Márcio Luís Moreira De Souza
◽
Gabriel Ayres Lopes
◽
Alexandre Castelo Branco
◽
Jessica K Fairley
◽
Lucia Alves De Oliveira Fraga
BACKGROUND
According to WHO, to achieve targets for control of leprosy by 2030, it will require disease elimination and interruption of transmission at the national or regional level. India and Brazil have reported the highest leprosy burden over the decades, revealing the need for strategies and tools to help health professionals correctly manage and control the disease.
OBJECTIVE
The objective of this study is to assess the quality of leprosy data in Brazil by SINAN (Information System for Notifiable Diseases) and build a web application to increase the accessibility of an accurate method of classifying leprosy treatment for health professionals, especially for communities further away from the country's major diagnostic centers.
METHODS
Leprosy data were extracted from the SINAN database, carefully cleaned, and used to build artificial intelligence (AI) decision model based on Random Forest (RF) algorithm to predict operational classification in Paucibacillary (PB) or Multibacillary (MB). It used the software: i) Python to extract and clean the data; ii) R to train and test the AI model via cross-validation. To allow broad access, we deployed the final RF classification model in a web application that integrates the cloud service, Microsoft Azure, with a friendly layout built in Bubble.io. It used data available on the IBGE (Brazilian Institute of Geography and Statistics) and the DATASUS (Department of Informatics of the Unified Health System).
RESULTS
We mapped the dispersion of leprosy incidence in Brazil, 2014 to 2018, and noticed a high number of cases in central Brazil in 2014 that became even higher in 2018, in the state of Mato Grosso.
Some municipalities showed discrepancies in the 80% range. We considered inconsistency the fact of not matching a set of standards for leprosy classification, according to WHO. Of a total of 21,047 discrepancies detected, the main was considered the operational rating that does not match the clinical form. After data processing, we identified a total of 77,628 cases with missing data.

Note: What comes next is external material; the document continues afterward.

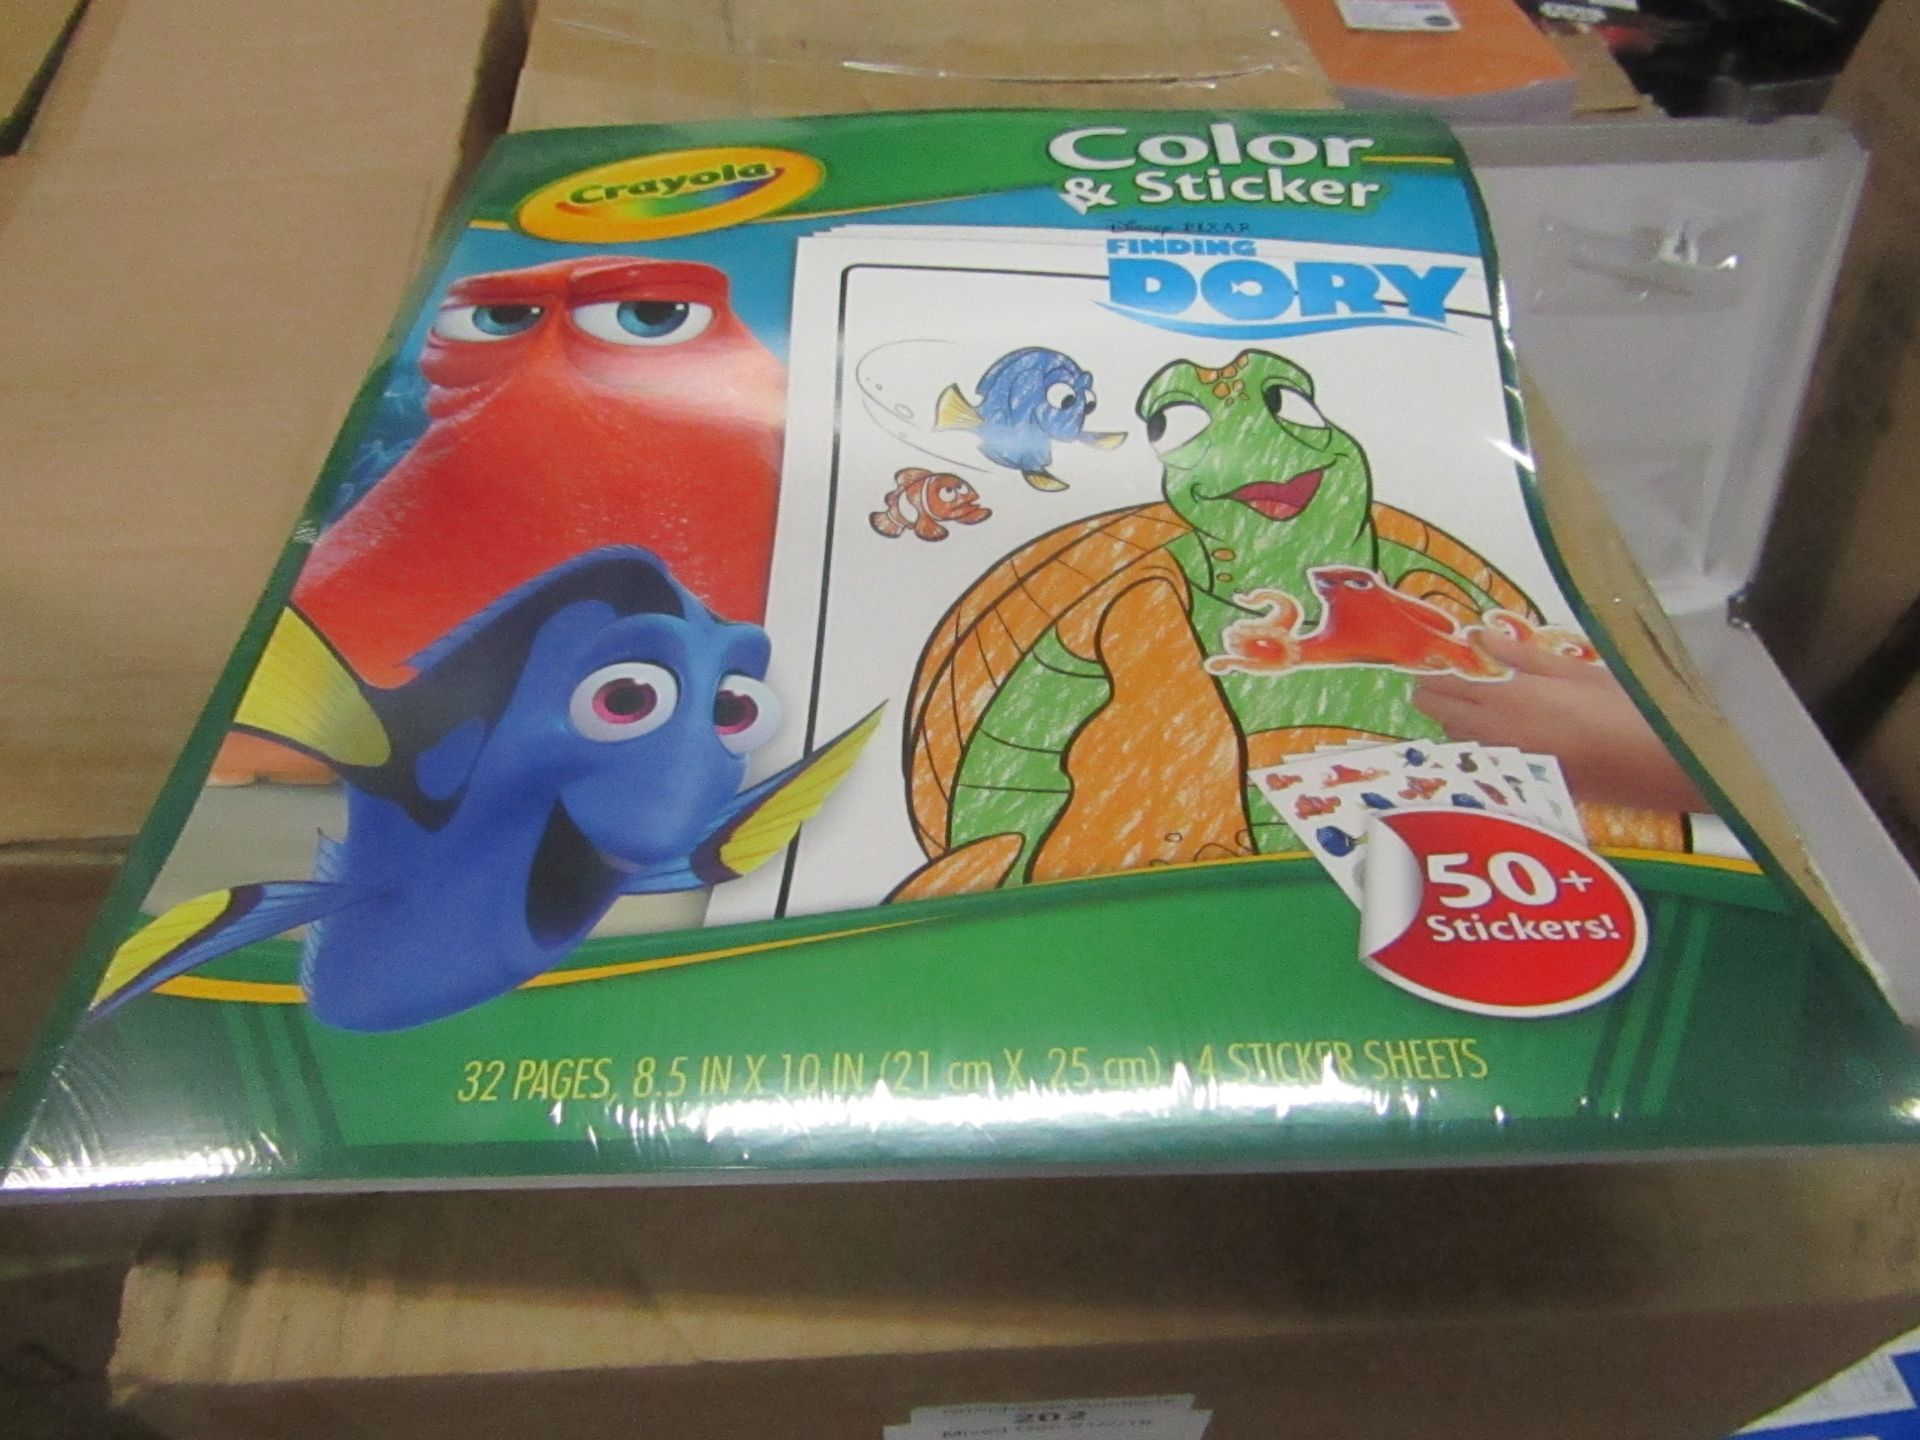 Box of 18x Crayola Colour and Sticker Finding Dory books, still sealed
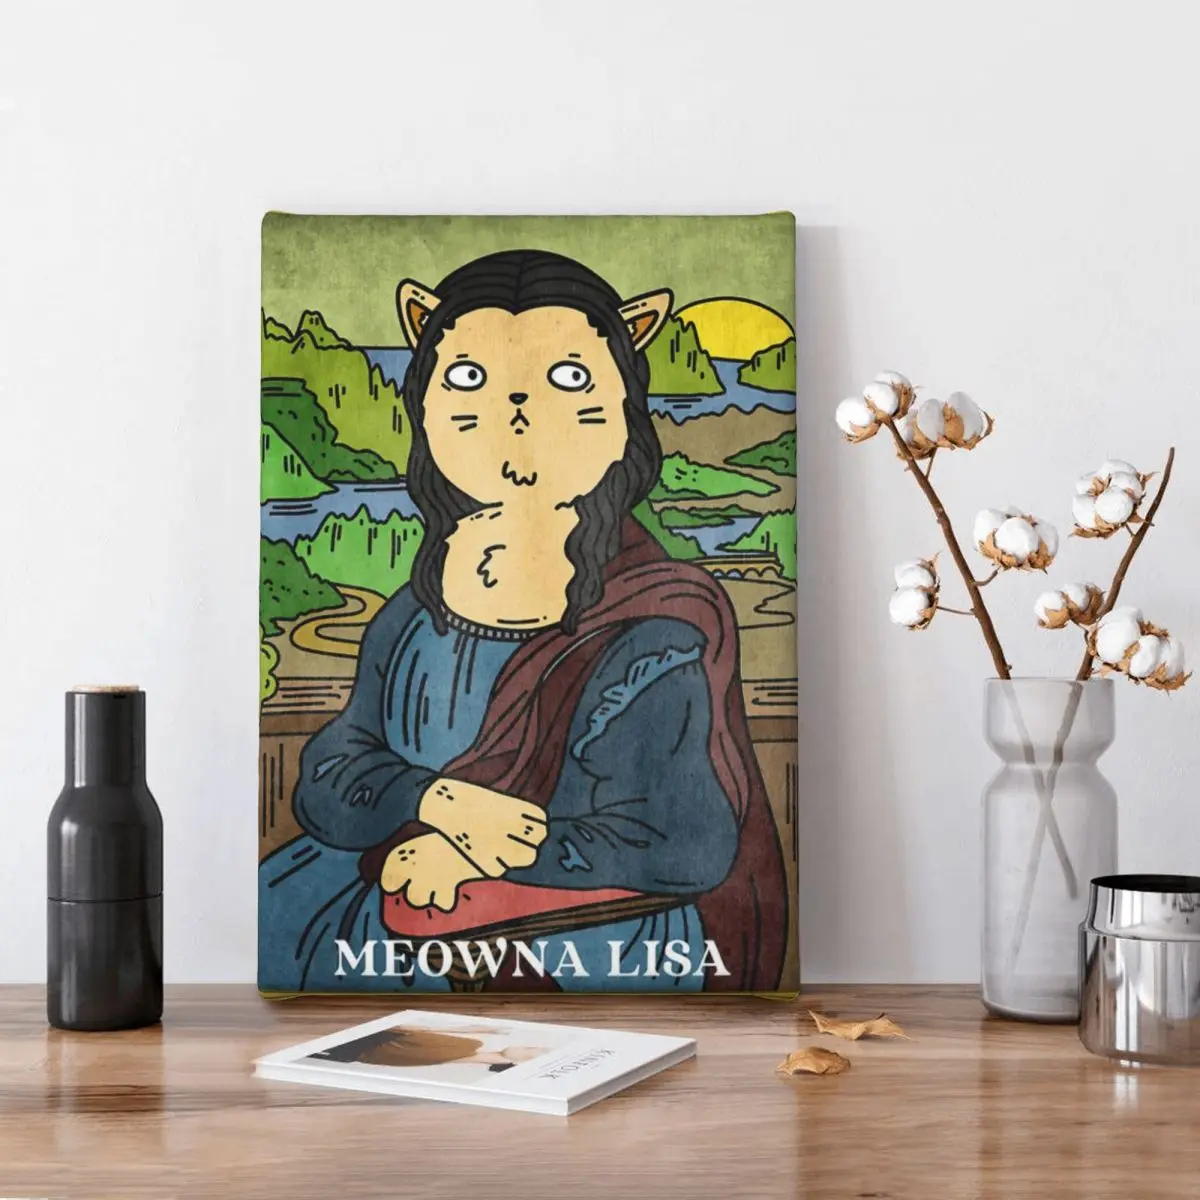 

Funny Famous Paintings Featuring Cats-Mona Lisa Poster and Prints on The Wall Canvas Painting Wall Art Picture for Living Room

Regarding the quality of the AI model applied, the sensitivity was 93.97%, and the specificity was 87.09%. In most states of Brazil, human and machine confidence intervals intersect.
CONCLUSIONS
The proposed APP was able to recognize patterns in leprosy cases registered in the SINAN database and classify new patients as PB or MB, reducing the probability of oversight by health professionals. The collection and notification of data on leprosy in Brazil seem to lack specific validation to increase the quality of the data for implementations via AI. The AI model implemented in this work presented relatively large confidence intervals of accuracy that varied from across Brazilian states. This distortion is possibly due to the quality of the data that fed the classification model.